#### [Goal of the exercise]
Print all of the entries exactly, minus the pictures.
+ + + +
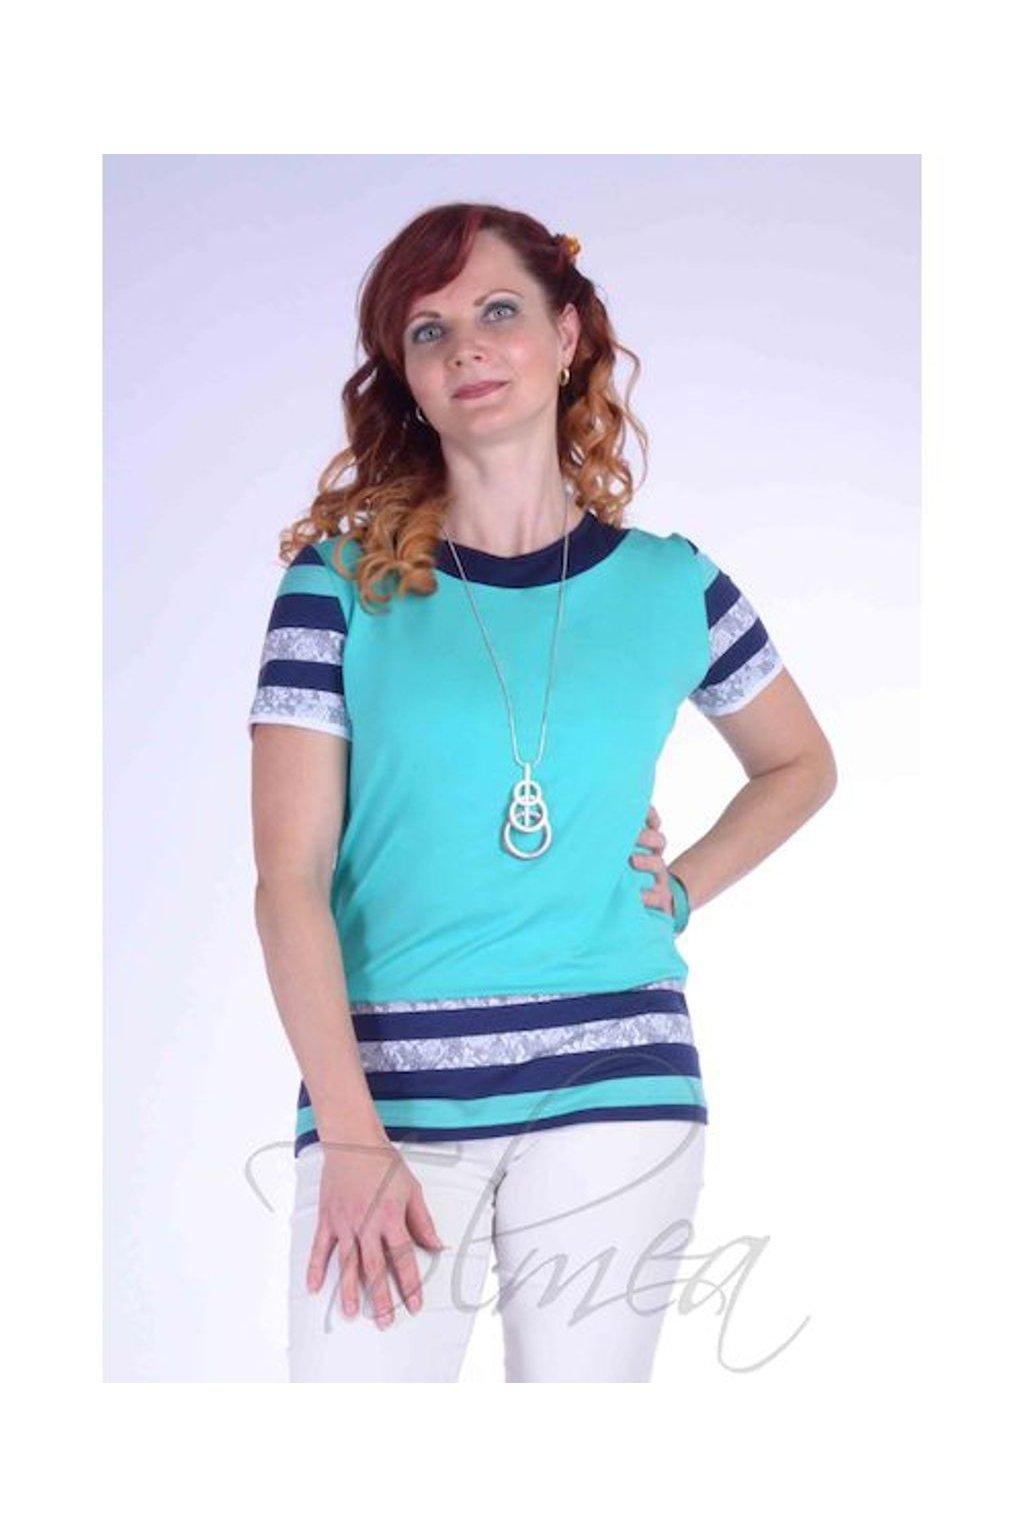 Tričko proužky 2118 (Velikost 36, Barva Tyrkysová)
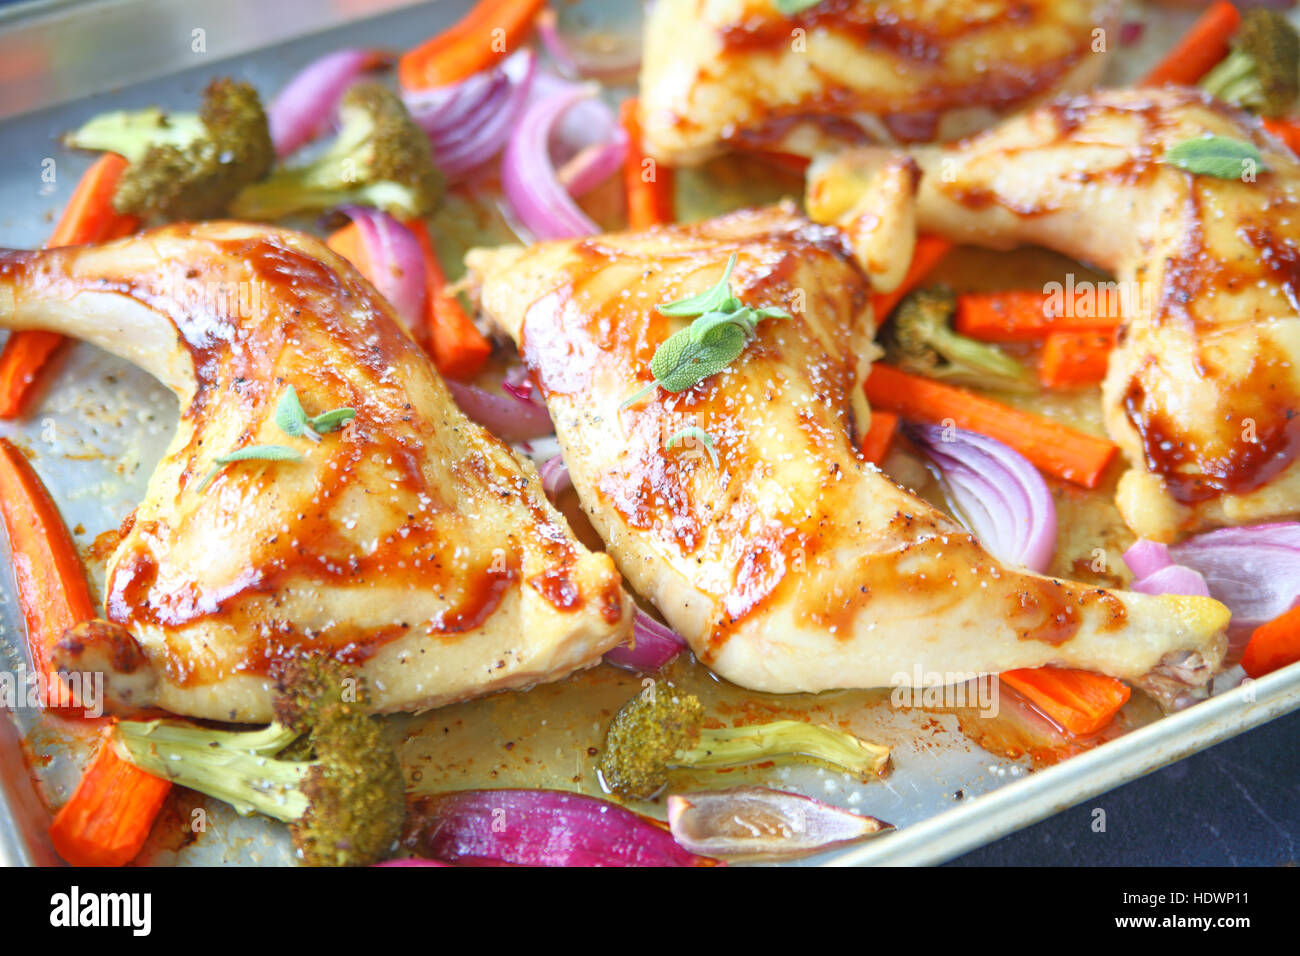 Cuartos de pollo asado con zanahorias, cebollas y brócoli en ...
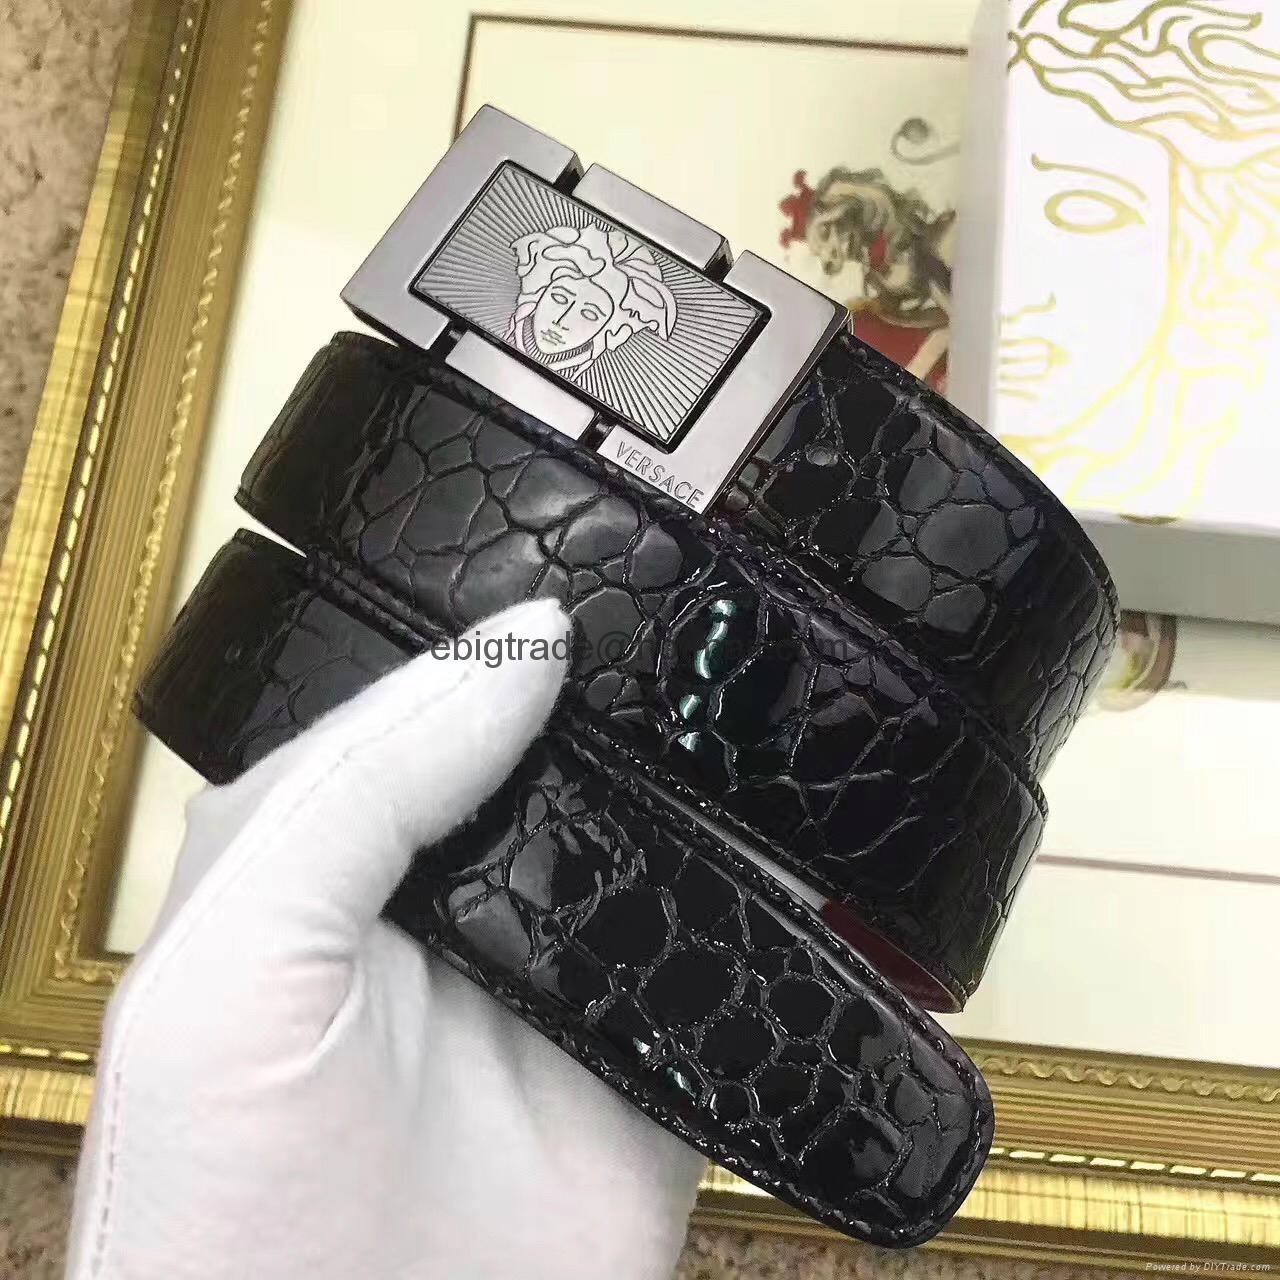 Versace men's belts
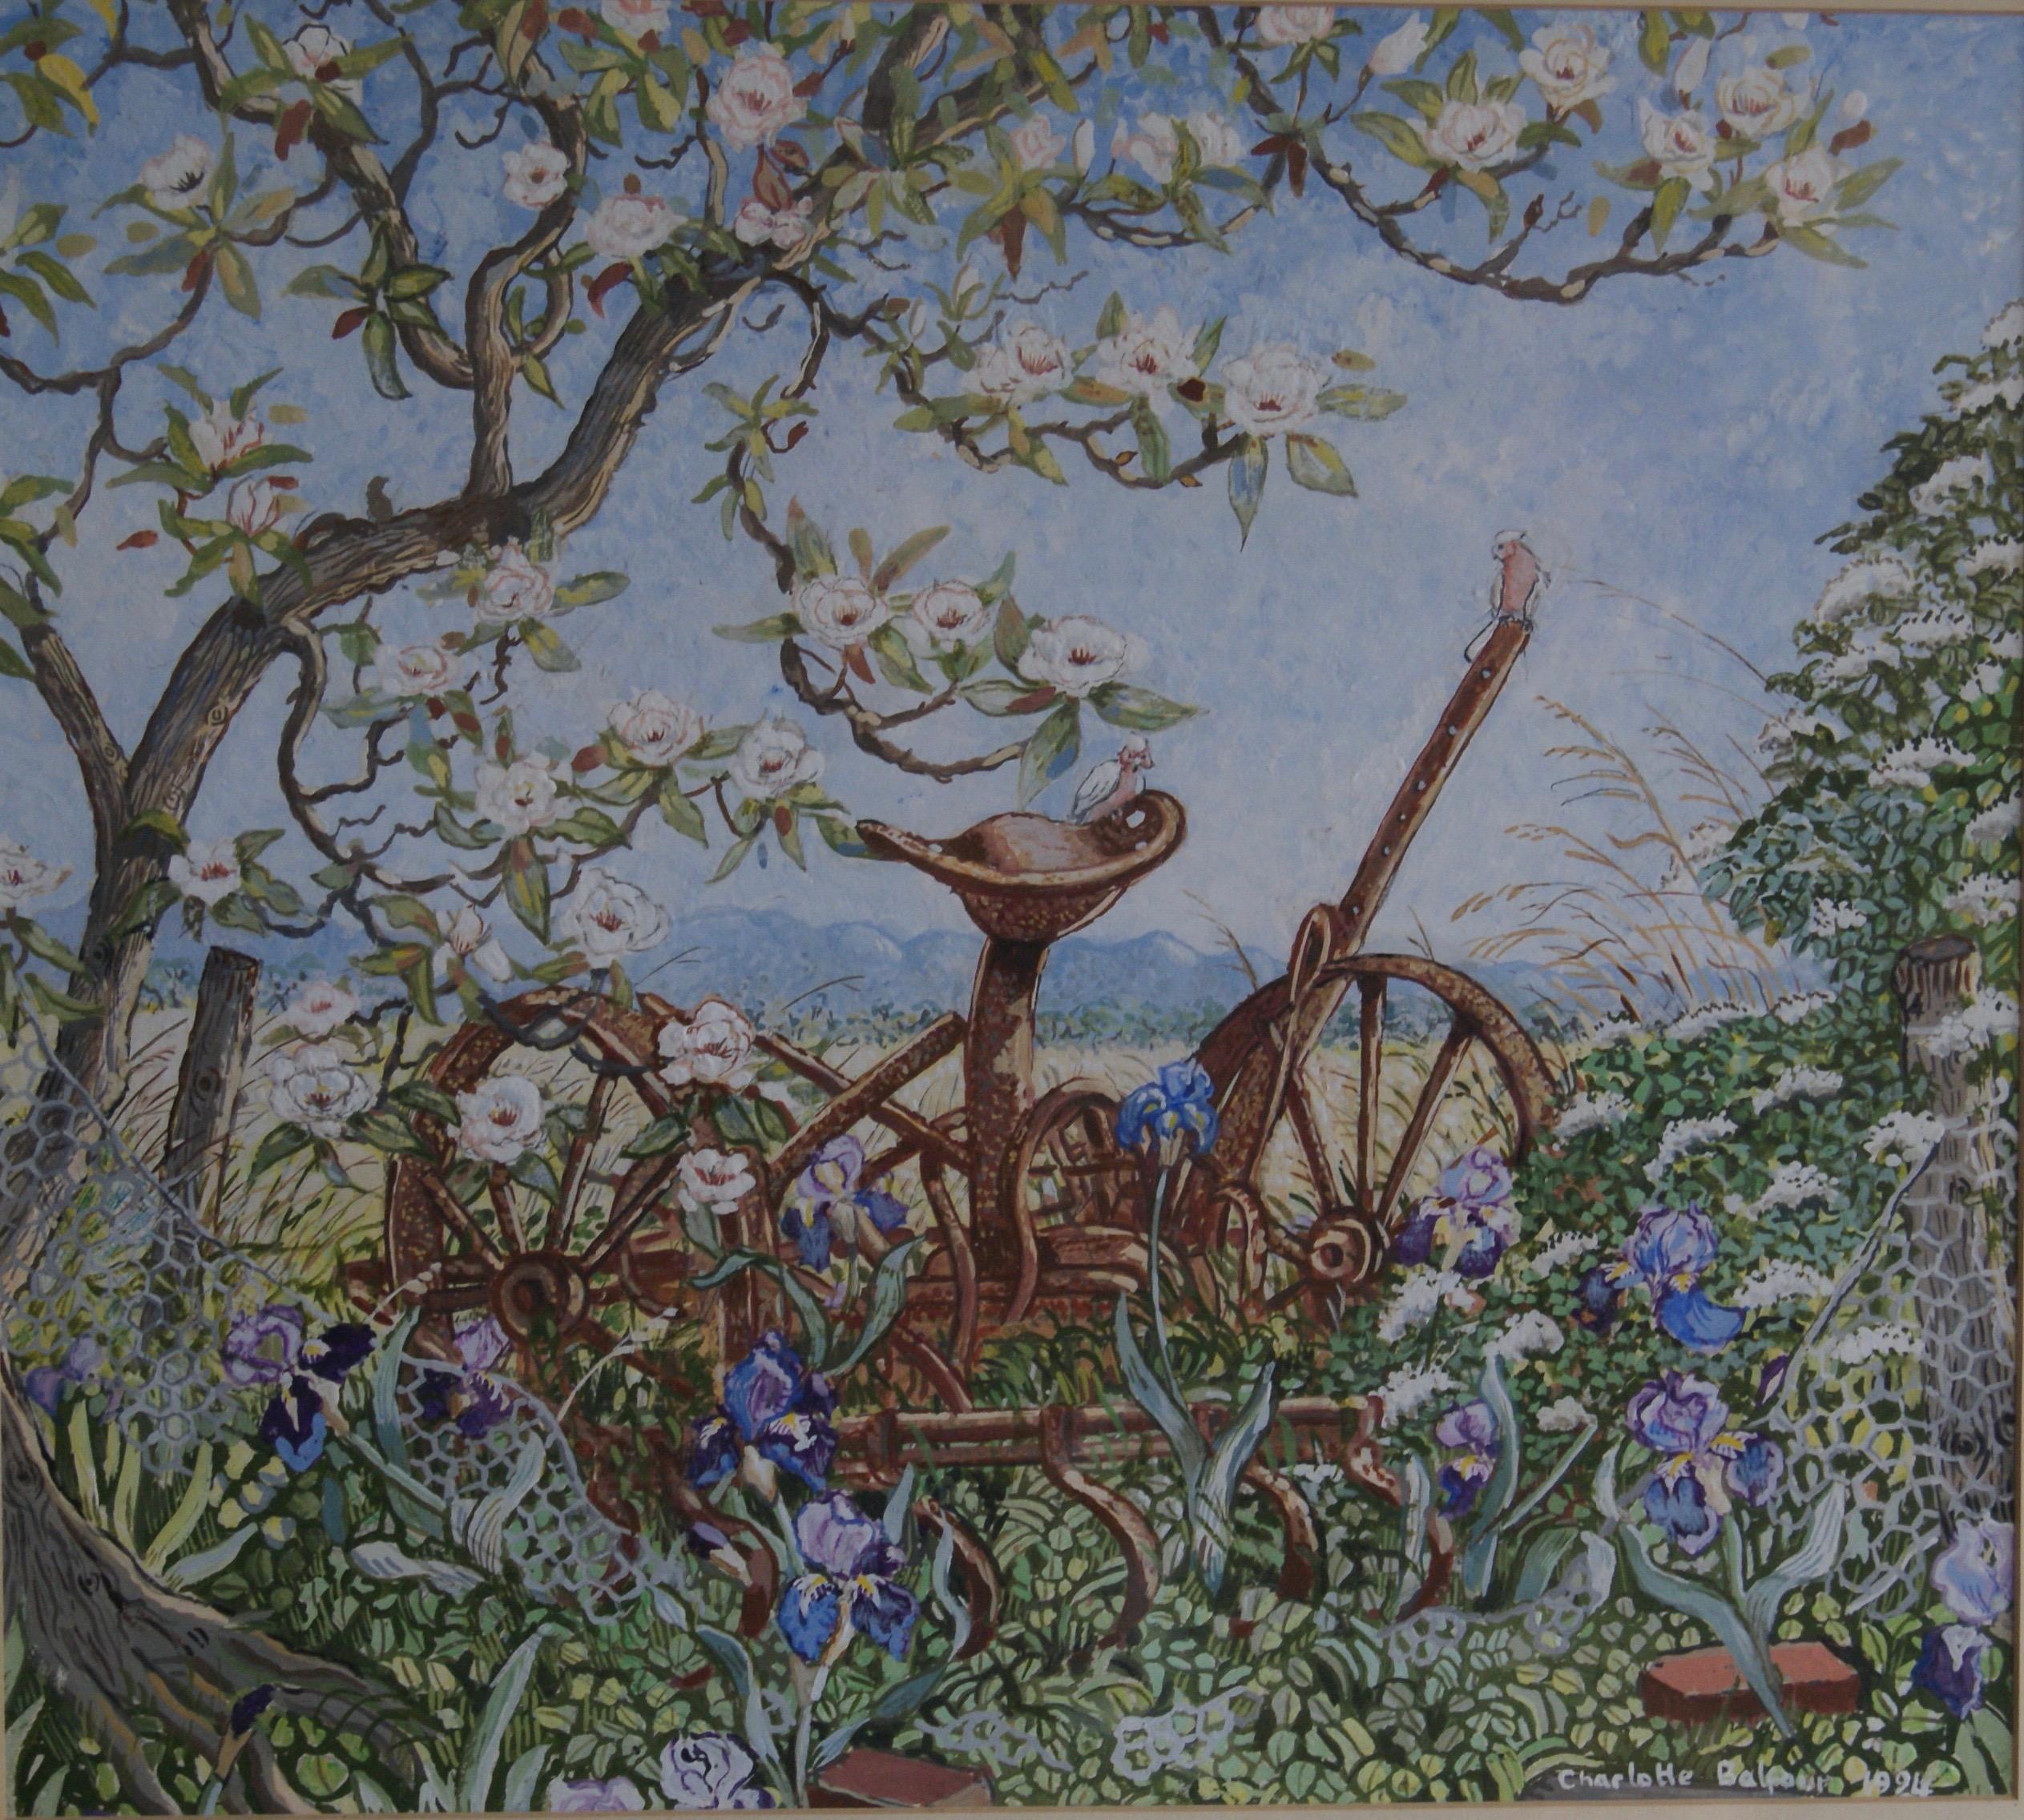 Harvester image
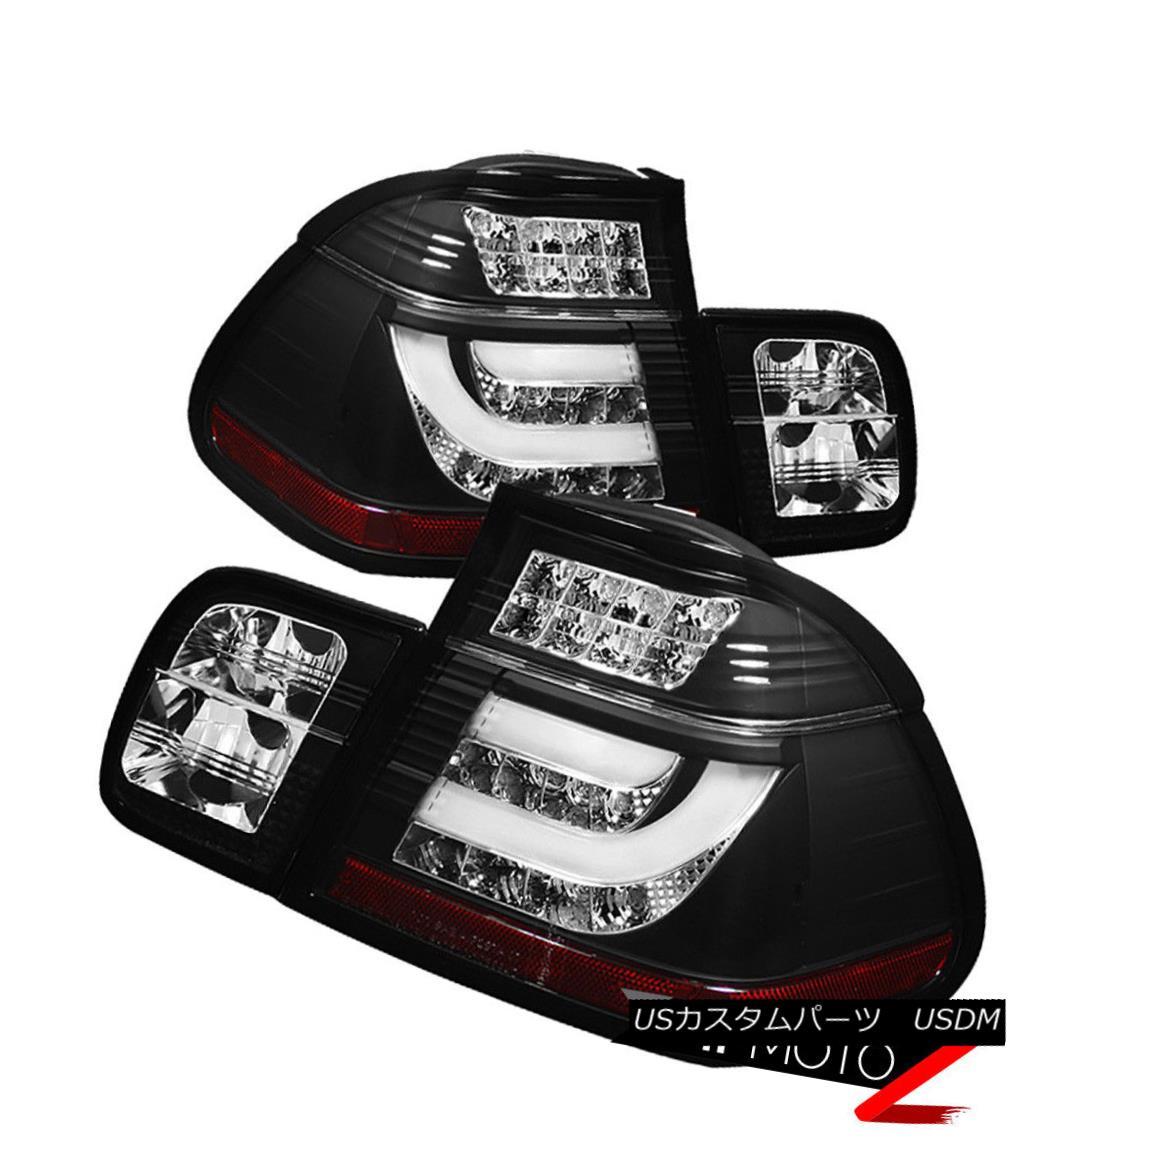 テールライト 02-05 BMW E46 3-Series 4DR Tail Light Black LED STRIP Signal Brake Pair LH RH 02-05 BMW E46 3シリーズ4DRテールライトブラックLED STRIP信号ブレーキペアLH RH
+ + + +
#### [Reply]
 Tričko proužky 2118 (Velikost 36, Barva Tyrkysová)
 Cuartos de pollo asado con zanahorias, cebollas y brócoli en ...
 Versace men's belts
 Harvester image
 テールライト 02-05 BMW E46 3-Series 4DR Tail Light Black LED STRIP Signal Brake Pair LH RH 02-05 BMW E46 3シリーズ4DRテールライトブラックLED STRIP信号ブレーキペアLH RH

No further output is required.